Wellington Koo (; born 31 October 1958) is a Taiwanese lawyer and politician. During his legal career, Koo represented several politicians. His own political career began with a term on the National Assembly, followed by an unsuccessful campaign for the Taipei mayoralty in 2013. In 2016, he was elected a legislator at large representing the Democratic Progressive Party. Koo left the Legislative Yuan to lead the Ill-gotten Party Assets Settlement Committee. In 2017, he became chairman of the Financial Supervisory Commission. Koo was appointed Secretary-General of the National Security Council in 2020.

Early life
Koo was born in Taipei in 1958, to Mainlander parents originally from Shanghai. He attended National Taiwan University before earning a master's degree in public service law from New York University. Koo passed the Taiwanese bar exam in 1983, and began teaching law at Chinese Culture University in 1993, a job he held until 2003.

Legal career
Koo worked for Formosa Transnational Attorneys at Law, a firm founded by Fan Kuang-chun and John Chen. While with the firm, Koo, Lee Fu-tien, and four other Taiwanese lawyers served as liaisons between taishang based in mainland China and the businesspeople's Chinese attorneys. He also mentored Su Chiao-hui and represented Chen Shui-bian and Annette Lu during the 2004 presidential election. Other clients include Chao Chien-ming in a 2006 embezzlement scandal, and the Hung Chung-chiu family in 2013. Koo has also served as legal counsel for Lee Teng-hui and Tsai Ing-wen, as well as the student activists who led the 2014 Sunflower protests and the 2015 protest of curriculum guidelines. In 2014, he joined the defense team of Chiou Ho-shun, a man subject to the longest criminal case in Taiwanese judicial history who had been imprisoned for the murder of Lu Cheng in 1987. In December 2015, Koo, representing the Democratic Progressive Party as a whole, charged Kuomintang chairman Eric Chu with attempting to buy votes. He also acted as the DPP's legal counsel in a case against a group of KMT legislators who alleged that Tsai Ing-wen had engaged in land speculation.

Political career
In June 2005, Koo served on the National Assembly. In September 2013, Koo announced his intent to run for the mayoralty of Taipei as a member of the Democratic Progressive Party. A primary held in May 2014, after the Sunflower Movement, was won by Pasuya Yao, and Koo dropped out of the race. Yao later dropped out of the race, endorsing  Ko Wen-je, who won the mayoral election as an independent candidate.

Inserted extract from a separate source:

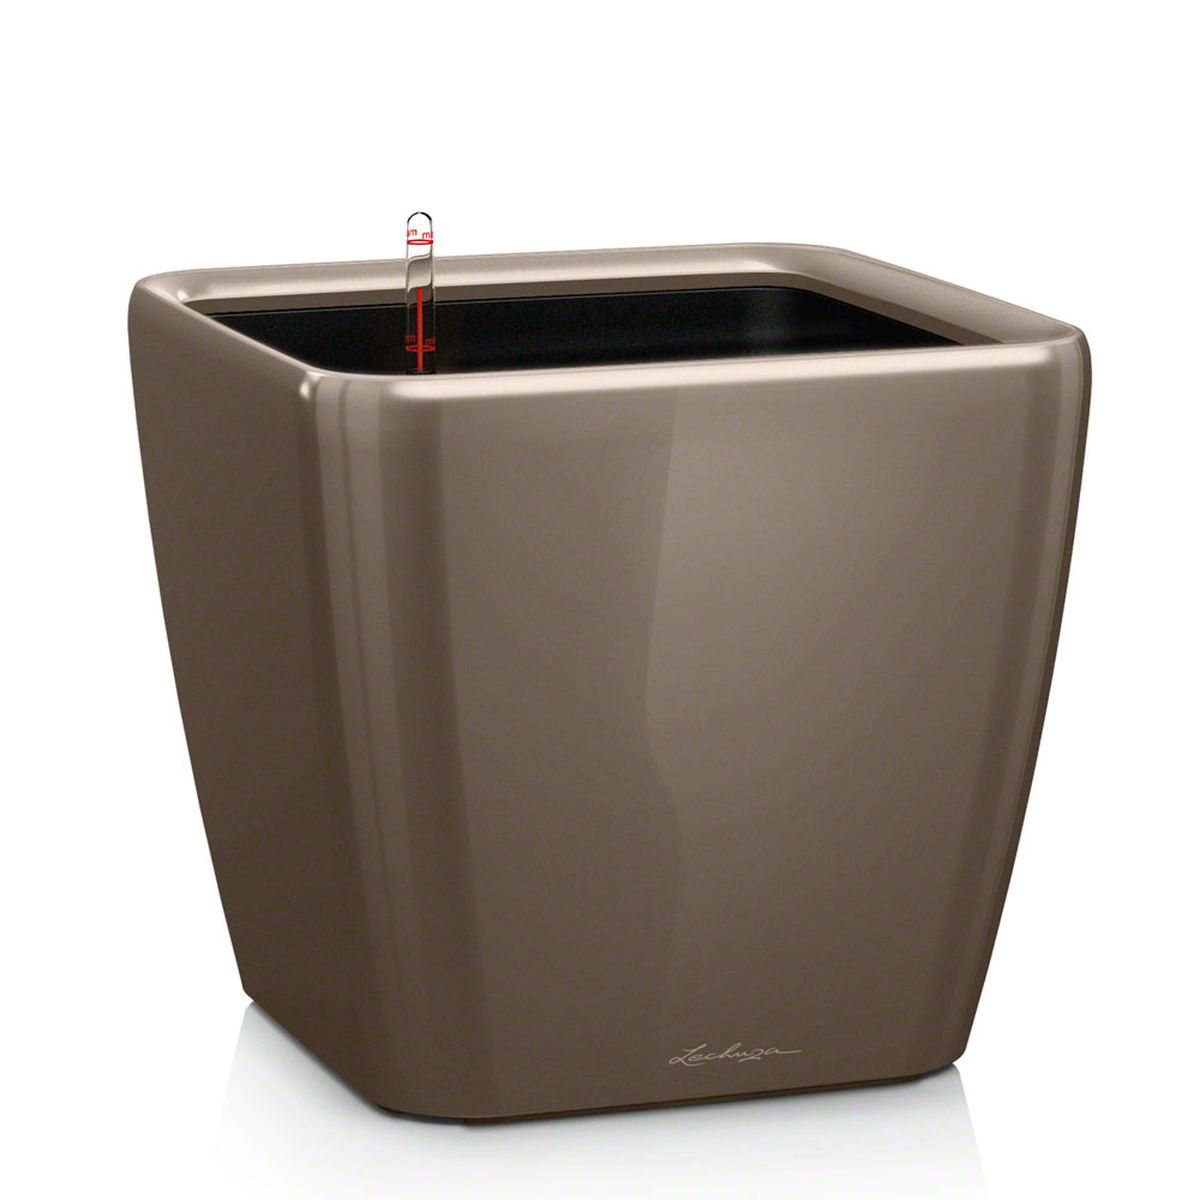 Кашпо с автополивом Lechuza Quadro 50х47 см, серо-коричневое LSZ-0307Элегантная ручка цвета самого кашпо украшает все наборы Все-в-одном кашпо серии QUADRO. Она не только красиво смотрится, но и обеспечивает возможность легкой замены растений.Особые преимущества:- Запатентованный внутренний горшок- Ручка цвета горшка не только практична, но еще и дополнительно подчеркивает изящный дизайн кашпо- В качестве опции: Подставка на роликах для QUADRO 43 и 50

Koo, then the director of the Judicial Reform Foundation, was selected for the Democratic Progressive Party's proportional representation ballot in November 2015. Listed forth on the ballot during the 2016 legislative election, he won a seat in the Legislative Yuan. In his time as legislator, he called for the establishment of a government commission on human rights. Koo also coauthored amendments to the Act Governing Relations with Hong Kong and Macau in an attempt to simplify  the process for political asylum-seekers from those areas to Taiwan. He also proposed an amendment to the Narcotics Hazard Prevention Act, stating that people involved in the illegal drug trade should be treated for addiction prior to being put on trial. The Act Governing the Handling of Ill-gotten Properties by Political Parties and Their Affiliate Organizations, which he helped to write, was passed in July and Koo was named to a commission set up to investigate questionable assets in August. He stepped down from the Legislative Yuan to take the appointment, and was succeeded in office by Julian Kuo. Koo assumed the committee chairmanship despite the Kuomintang citing Article 20 of the Act, which requires nonpartisan committee members, in its objections to Koo's leadership. Koo named most of the committee members on 24 August, and the group was officially established on 31 August.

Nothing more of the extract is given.